• _TO DO_: Without any of the pictures, transcribe all the lines below exactly.

• _DATA SHOWN_:
────────

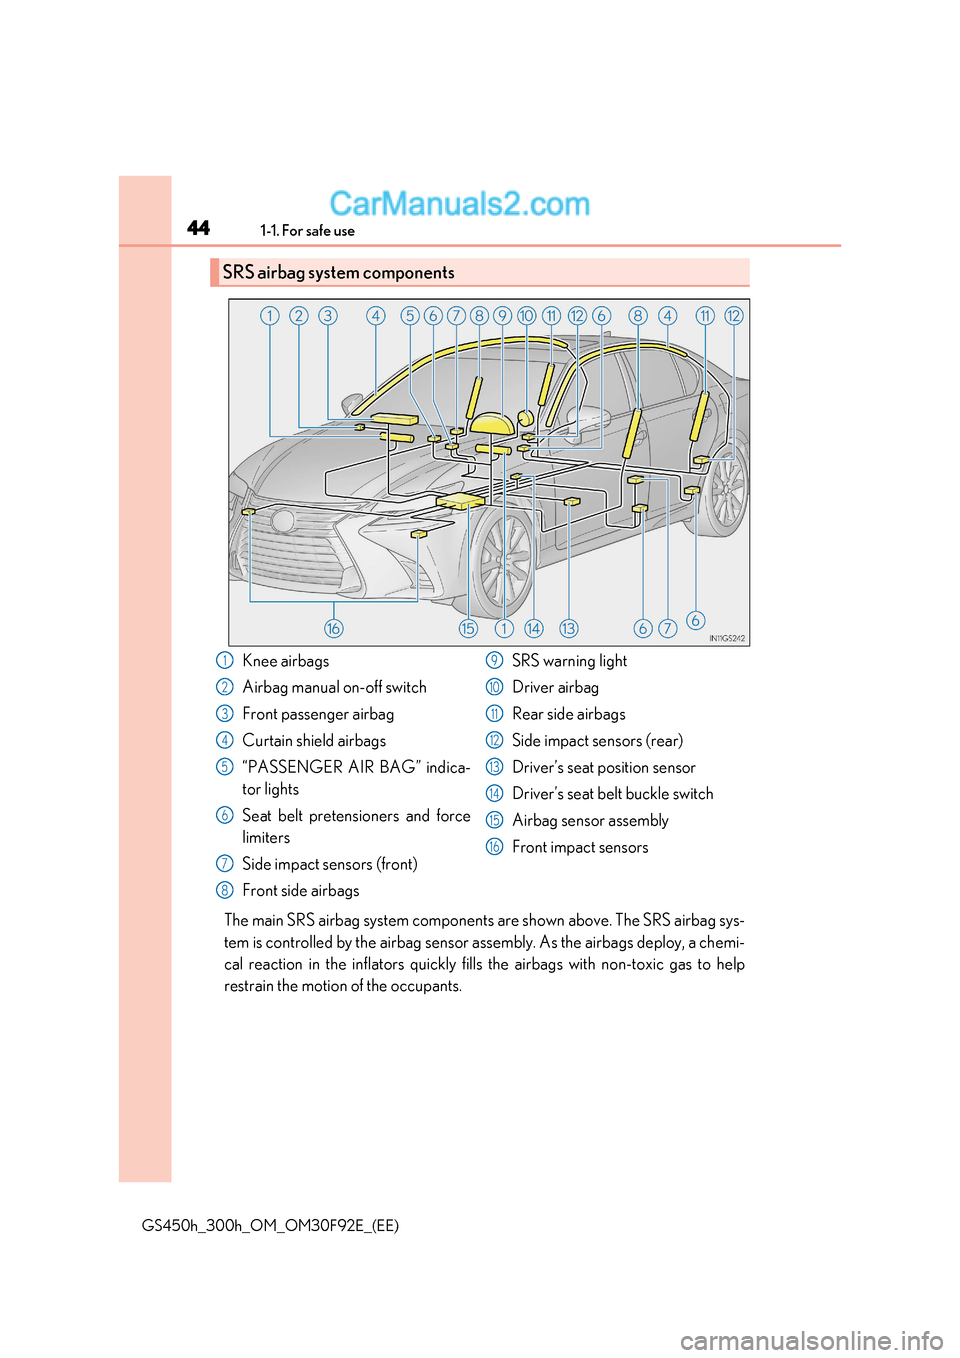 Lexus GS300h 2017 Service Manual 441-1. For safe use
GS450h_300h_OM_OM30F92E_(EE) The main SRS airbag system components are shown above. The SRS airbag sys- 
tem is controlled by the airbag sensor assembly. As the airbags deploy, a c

────────

• _RESPONSE TO THIS TASK_:
 Lexus GS300h 2017 Service Manual 441-1. For safe use
GS450h_300h_OM_OM30F92E_(EE) The main SRS airbag system components are shown above. The SRS airbag sys- 
tem is controlled by the airbag sensor assembly. As the airbags deploy, a c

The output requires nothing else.